Pour mener à bien des analyses normalisées, les laboratoires doivent suivre des protocoles fixant des limites de quantification. Ces protocoles visent à éviter que ces organismes n’utilisent pas la bonne « loupe », au risque d’être frappé de cécité, de ne pas identifier des molécules en faible quantité, et ainsi d’en conclure trop rapidement à l’absence de produits chimiques dans les eaux de surface.
Des analyses de moins en moins précises
Les limites de quantification varient fortement au fil des années et des territoires. Certains laboratoires conduisent des analyses de moins en moins précises d’une année sur l’autre, en augmentant ces limites. Ils laissent ainsi penser de façon erronée que la présence de pesticides et d’antibiotiques tendent à baisser. Agir pour l’Environnement a réanalysé plus de 50 millions d’analyses produites entre 2019 et 2021.

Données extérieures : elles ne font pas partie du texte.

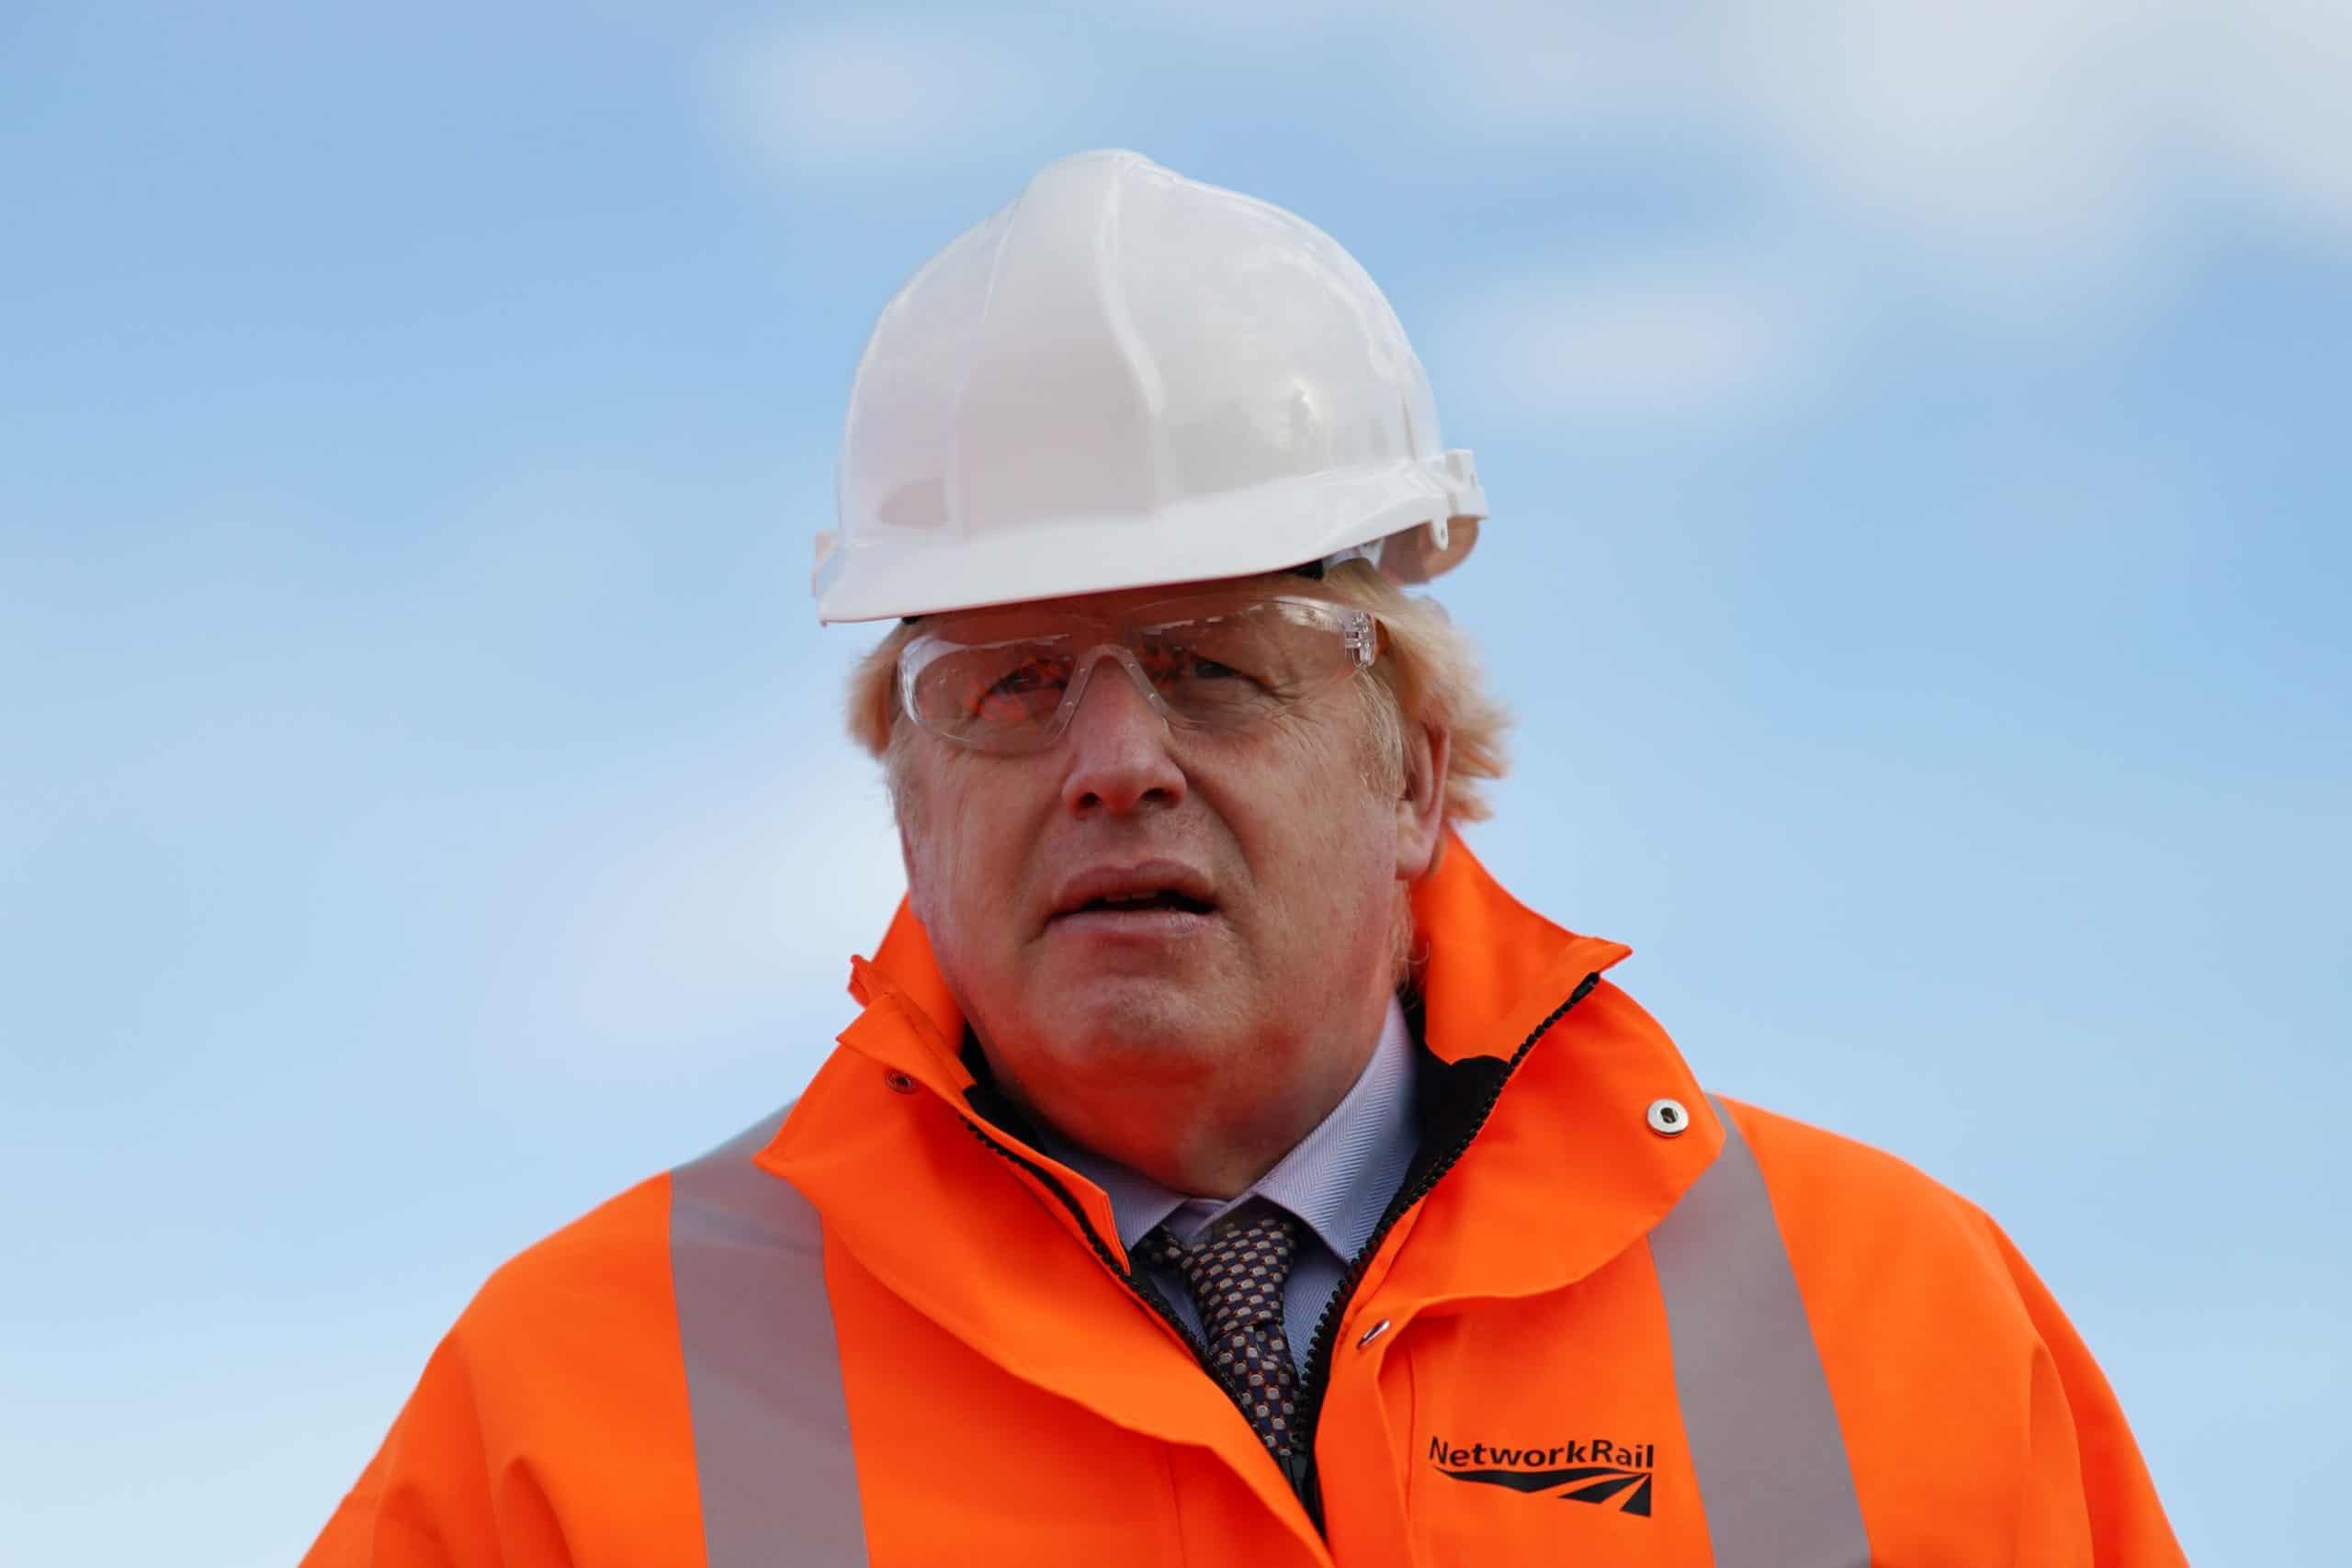 Johnson will U-turn on scaled-back rail plan, George Osborne predicts

Chaque année, pas moins de 300 000 analyses sont conduites de manière insuffisamment précises, avec des limites de quantification supérieures aux valeurs réglementaires. Cette façon de faire équivaut à mobiliser des forces de l’ordre sur le bord des autoroutes afin de contrôler les vitesses autorisées, avec des radars ne pouvant mesurer les vitesses supérieures à 60 km/h. Il y a fort à parier qu’aucun∙e automobiliste ne sera ce jour-là verbalisé∙e… Ainsi, en 2021, 1 088 analyses de glyphosate (soit près de 5 % des analyses menées) n’étaient pas conformes. Pour certaines molécules comme le mirex (insecticide) ou le captane (fongicide), cela concerne une analyse sur deux !
Ne pas chercher pour ne rien trouver
Le pire, c’est que les labos sont capables de faire des mesures bien plus précises que ce que leur impose la réglementation. À titre d’exemple, certains labos peuvent détecter des molécules de glyphosate à une concentration 15 fois inférieure à celle fixée par la réglementation. Pour le Bispéhnol A, la réglementation impose une limite de quantification de 0,05 µg/L, mais les labos les plus rigoureux identifient des particules de Bisphénol A à une concentration de 0,000 1 µg/L… soit 500 fois plus précisément.
Partant du principe qu’on ne trouve que ce que l’on cherche, il y a fort à parier que certains lobbies s’activent discrètement afin d’éviter une trop grande transparence et jouent sur les protocoles pour aboutir aux résultats qu’ils attendent. Circulez, il n’y a rien à voir, car vos lunettes sont rayées… Le simple fait d’opter pour une myopie institutionnalisée permet de tirer des conclusions erronées, mais rassurantes. Pas vue pas prise ! Il est de la première urgence de revoir et faire appliquer les protocoles d’analyses afin de connaître précisément la teneur des eaux de surface en substances chimiques.